The working group seeks OMERACT consensus and endorsement of the core domain set through a vote from the OMERACT community. This vote takes place after a session at the biennial OMERACT meeting, when delegates engage in plenary and small-group discussions based on a detailed summary of the results of the working group activities (Figure 3). For several reasons including feasibility, PRP often represent a smaller proportion of the voting participants. A vote of ≥ 70% agreement with the proposed core domain set by both groups — PRP and all other stakeholders — is required for endorsement.
In addition to the guidance in chapter 4 of the OMERACT Handbook13, the OMERACT Master Checklist and Workbook for Core Domain Set Development have been created to help working groups keep track of their progress and ensure full and transparent reporting according to the Core Outcome Set–Standards for Reporting (COS-STAR) statement14. These resources are available on the OMERACT Website, as well as a whiteboard video summary (https://omeract.org/resources). OMERACT has recently established a Technical Advisory Group whose role is to ensure that the methods and processes described above are followed by the working groups; their endorsement prior to a meeting will allow the wider OMERACT community to focus on the results presented by the working groups.
RESULTS
At OMERACT 2018, based on the methodology described above, 5 OMERACT working groups achieved consensus (i.e., ≥ 70%) on their proposed core domain sets10,15,16,17.
After the Methodology Workshop training exercise at OMERACT 2018, 52% of participants voted that they were “very confident” that they understood the process of core domain set selection and 45% “somewhat confident.” In addition, 60% of participants voted that they would be “very confident” and 38% “somewhat confident” if they were asked to vote on a proposed OMERACT Filter 2.1 Onion as prepared for the domain votes held at OMERACT 2018.
DISCUSSION
OMERACT has worked on developing core outcome sets since 1992. Over the years, the methodology has evolved significantly, and our paper describes the latest guidance developed by the OMERACT Handbook Committee with input from other international groups working in the field of core outcome set development such as COMET. The methods described here were successfully used by the 5 working groups voting on domains at the OMERACT 2018 meeting, demonstrating the feasibility of the process.
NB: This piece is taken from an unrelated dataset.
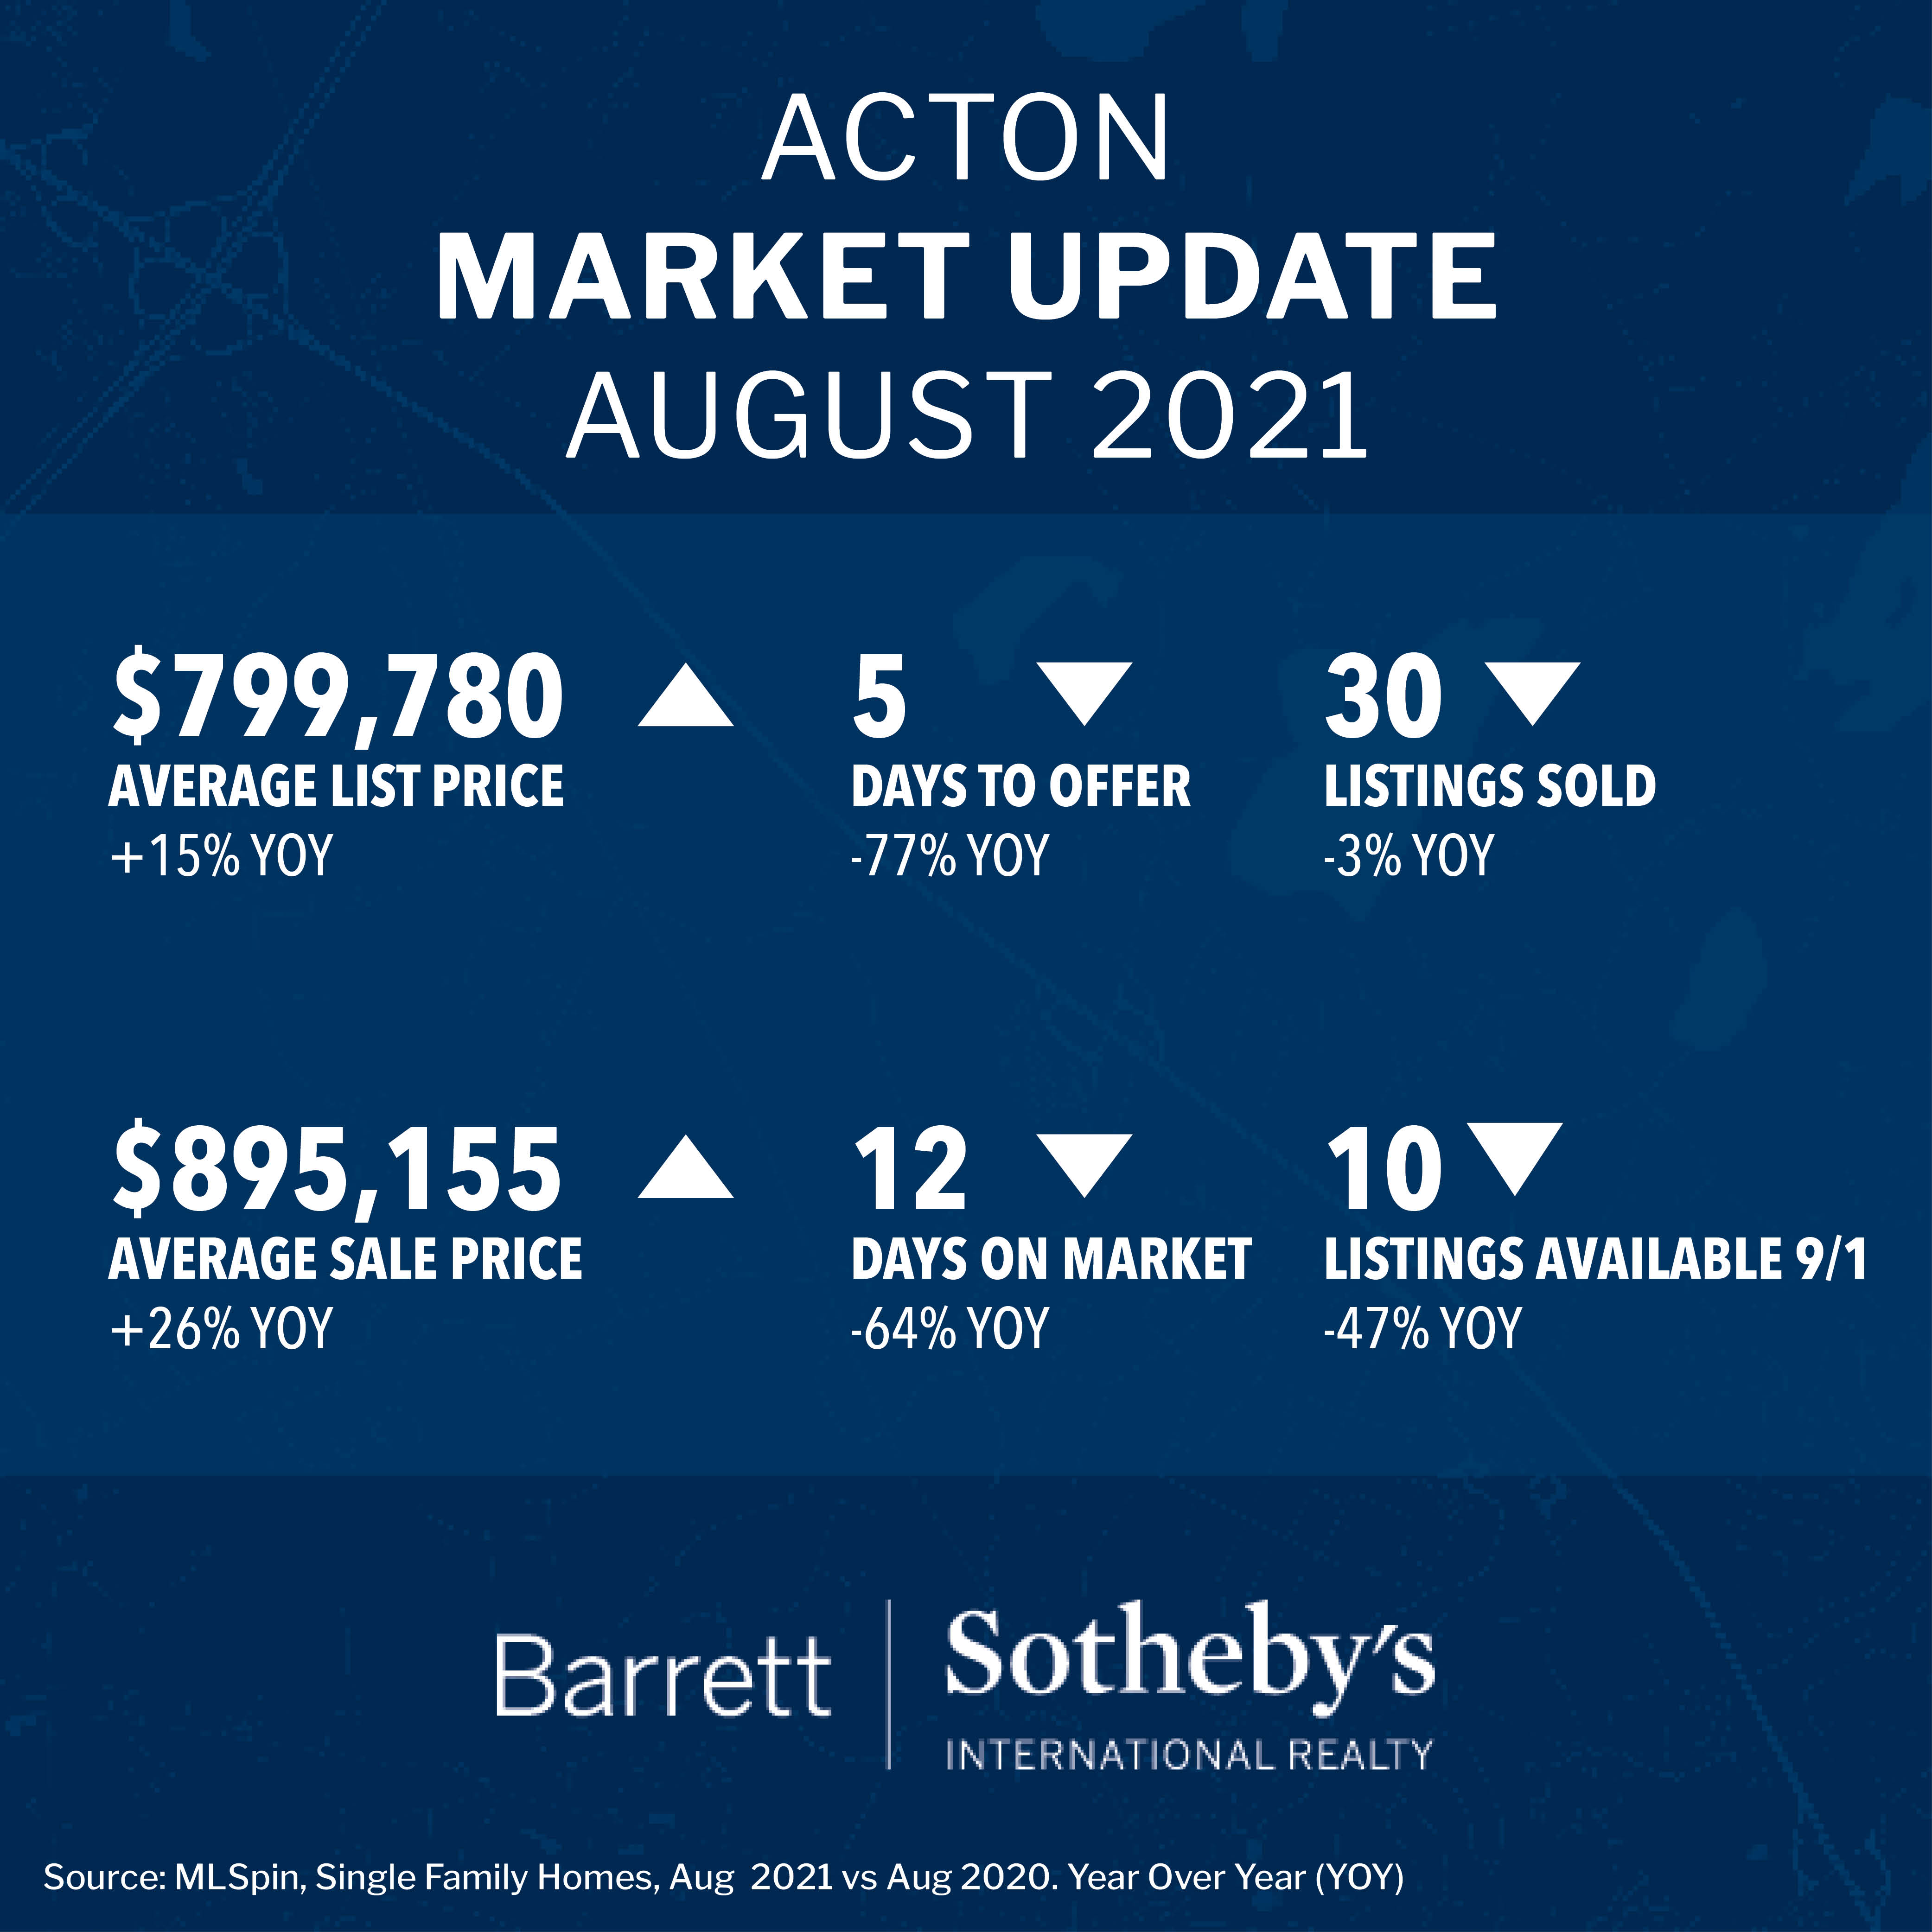 Acton Market Update August 2021

In addition, 90% of participants at OMERACT 2018 expressed increased confidence and understanding of the core domain set selection process after the training exercise. This methodology defining core domain set development is an ongoing process and will continue to evolve. We will use innovative technology such as whiteboard videos as a key part of our dissemination and implementation methodology for new methods.
Acknowledgment
Institute for Work & Health, Toronto, for assistance with graphic design of the OMERACT Way flowchart to select a core domain set.
Footnotes
PGC is funded in part by the NIHR Leeds Biomedical Research Centre. The views expressed in this article are those of the authors and not necessarily those of the UK National Health Service, the NIHR, or the Department of Health. JAS is supported by the resources and the use of facilities at the VA Medical Center at Birmingham, Alabama. LM is a Principal Investigator on the Australian Rheumatology Association Database, which has received arms-length funding from Pfizer Australia, AbbVie Australia, Eli Lilly Australia, and Janssen Australia. The views expressed in this article are those of the authors and do not necessarily reflect the position or policy of the US Department of Veterans Affairs or the US government.
- Accepted for publication December 19, 2018.